Given records section start

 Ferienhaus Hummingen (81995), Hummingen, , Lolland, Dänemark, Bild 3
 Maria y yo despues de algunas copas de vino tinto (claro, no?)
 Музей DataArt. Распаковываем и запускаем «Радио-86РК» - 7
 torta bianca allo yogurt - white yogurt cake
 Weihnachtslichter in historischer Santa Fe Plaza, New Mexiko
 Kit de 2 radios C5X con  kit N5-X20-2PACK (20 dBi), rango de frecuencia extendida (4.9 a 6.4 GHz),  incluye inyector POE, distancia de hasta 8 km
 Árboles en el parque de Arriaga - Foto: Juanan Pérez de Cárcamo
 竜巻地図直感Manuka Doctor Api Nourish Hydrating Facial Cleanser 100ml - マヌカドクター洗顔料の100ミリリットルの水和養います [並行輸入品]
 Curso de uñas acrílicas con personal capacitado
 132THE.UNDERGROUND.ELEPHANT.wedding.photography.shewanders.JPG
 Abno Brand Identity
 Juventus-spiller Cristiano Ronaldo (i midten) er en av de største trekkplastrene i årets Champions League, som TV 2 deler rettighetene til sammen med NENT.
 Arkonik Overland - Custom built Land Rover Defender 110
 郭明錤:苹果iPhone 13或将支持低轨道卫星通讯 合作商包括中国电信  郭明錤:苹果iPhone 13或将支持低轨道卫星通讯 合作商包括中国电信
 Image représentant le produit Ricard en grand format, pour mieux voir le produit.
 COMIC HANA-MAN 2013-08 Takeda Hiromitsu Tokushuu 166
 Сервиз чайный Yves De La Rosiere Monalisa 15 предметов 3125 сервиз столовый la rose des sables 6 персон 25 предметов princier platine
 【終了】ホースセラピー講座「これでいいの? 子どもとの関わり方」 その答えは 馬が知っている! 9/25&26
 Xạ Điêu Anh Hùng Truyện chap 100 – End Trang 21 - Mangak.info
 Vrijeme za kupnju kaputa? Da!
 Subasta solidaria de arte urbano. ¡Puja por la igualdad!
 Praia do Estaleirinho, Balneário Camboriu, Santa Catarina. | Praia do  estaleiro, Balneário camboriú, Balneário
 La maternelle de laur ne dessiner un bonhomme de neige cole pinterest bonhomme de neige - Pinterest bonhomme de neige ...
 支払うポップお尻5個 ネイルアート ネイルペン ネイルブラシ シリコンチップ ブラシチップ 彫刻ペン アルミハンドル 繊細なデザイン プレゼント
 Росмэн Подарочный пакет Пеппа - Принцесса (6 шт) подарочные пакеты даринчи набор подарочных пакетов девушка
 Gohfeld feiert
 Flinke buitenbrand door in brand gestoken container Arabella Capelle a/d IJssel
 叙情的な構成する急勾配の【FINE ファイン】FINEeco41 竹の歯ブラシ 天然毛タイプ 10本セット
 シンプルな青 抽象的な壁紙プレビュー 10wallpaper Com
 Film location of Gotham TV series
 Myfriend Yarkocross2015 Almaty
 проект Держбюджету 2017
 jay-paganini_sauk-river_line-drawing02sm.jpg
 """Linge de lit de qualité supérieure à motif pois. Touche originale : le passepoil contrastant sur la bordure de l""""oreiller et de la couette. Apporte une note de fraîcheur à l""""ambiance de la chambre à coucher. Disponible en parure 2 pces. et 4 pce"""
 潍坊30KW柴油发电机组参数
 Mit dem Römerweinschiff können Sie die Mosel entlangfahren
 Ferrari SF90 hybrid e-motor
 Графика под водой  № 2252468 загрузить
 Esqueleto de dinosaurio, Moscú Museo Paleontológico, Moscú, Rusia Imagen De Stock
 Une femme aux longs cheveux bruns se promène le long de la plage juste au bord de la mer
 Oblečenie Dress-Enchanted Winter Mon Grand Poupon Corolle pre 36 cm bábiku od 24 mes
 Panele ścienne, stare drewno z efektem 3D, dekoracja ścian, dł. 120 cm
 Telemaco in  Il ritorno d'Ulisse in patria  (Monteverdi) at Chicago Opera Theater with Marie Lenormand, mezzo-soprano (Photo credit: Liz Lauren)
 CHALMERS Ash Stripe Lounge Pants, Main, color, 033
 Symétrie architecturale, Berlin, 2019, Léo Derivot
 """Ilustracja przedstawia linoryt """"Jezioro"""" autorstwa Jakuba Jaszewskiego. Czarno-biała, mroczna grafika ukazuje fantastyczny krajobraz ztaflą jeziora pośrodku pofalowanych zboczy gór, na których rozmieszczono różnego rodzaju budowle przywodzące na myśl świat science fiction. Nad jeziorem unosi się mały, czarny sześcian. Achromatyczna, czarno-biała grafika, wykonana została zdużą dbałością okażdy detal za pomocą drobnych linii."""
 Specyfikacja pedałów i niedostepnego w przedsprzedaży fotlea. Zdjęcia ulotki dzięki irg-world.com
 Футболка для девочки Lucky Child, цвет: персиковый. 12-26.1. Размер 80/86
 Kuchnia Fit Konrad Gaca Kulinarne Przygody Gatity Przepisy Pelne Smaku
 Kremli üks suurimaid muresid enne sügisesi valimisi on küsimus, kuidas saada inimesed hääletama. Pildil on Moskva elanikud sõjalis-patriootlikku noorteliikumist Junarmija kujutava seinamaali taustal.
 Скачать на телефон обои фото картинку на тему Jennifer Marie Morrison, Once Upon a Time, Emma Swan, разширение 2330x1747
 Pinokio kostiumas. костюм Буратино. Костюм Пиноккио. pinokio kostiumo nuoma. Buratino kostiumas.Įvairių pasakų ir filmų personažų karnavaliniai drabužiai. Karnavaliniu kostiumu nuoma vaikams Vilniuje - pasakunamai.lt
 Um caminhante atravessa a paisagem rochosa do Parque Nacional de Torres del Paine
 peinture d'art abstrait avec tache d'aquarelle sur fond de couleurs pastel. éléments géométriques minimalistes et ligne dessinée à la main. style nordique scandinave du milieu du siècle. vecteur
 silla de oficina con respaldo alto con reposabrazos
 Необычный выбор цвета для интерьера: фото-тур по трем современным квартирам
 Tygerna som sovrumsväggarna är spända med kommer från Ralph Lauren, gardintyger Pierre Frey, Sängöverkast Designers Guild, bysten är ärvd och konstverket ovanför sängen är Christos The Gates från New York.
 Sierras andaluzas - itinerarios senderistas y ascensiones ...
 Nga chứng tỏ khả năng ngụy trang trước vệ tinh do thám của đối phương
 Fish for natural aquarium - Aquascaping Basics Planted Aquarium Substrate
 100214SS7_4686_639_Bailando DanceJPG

Given records section end

Exercise aim —
The line above containing "Subasta solidaria de", the line containing "Praia do Estaleirinho, Balneário", and every line between them are to be transcribed exactly; no other line is wanted.

Task output —
 Subasta solidaria de arte urbano. ¡Puja por la igualdad!
 Praia do Estaleirinho, Balneário Camboriu, Santa Catarina. | Praia do  estaleiro, Balneário camboriú, Balneário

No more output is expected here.